_Work instruction_:
From the first line to the last, transcribe the material exactly.

_Given material_:
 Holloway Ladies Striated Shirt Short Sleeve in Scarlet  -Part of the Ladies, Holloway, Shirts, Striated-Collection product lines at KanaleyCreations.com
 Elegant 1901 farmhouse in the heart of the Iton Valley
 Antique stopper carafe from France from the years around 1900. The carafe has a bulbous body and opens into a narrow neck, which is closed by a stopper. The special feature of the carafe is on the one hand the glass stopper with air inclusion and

_Response below_:
 Holloway Ladies Striated Shirt Short Sleeve in Scarlet  -Part of the Ladies, Holloway, Shirts, Striated-Collection product lines at KanaleyCreations.com
 Elegant 1901 farmhouse in the heart of the Iton Valley
 Antique stopper carafe from France from the years around 1900. The carafe has a bulbous body and opens into a narrow neck, which is closed by a stopper. The special feature of the carafe is on the one hand the glass stopper with air inclusion and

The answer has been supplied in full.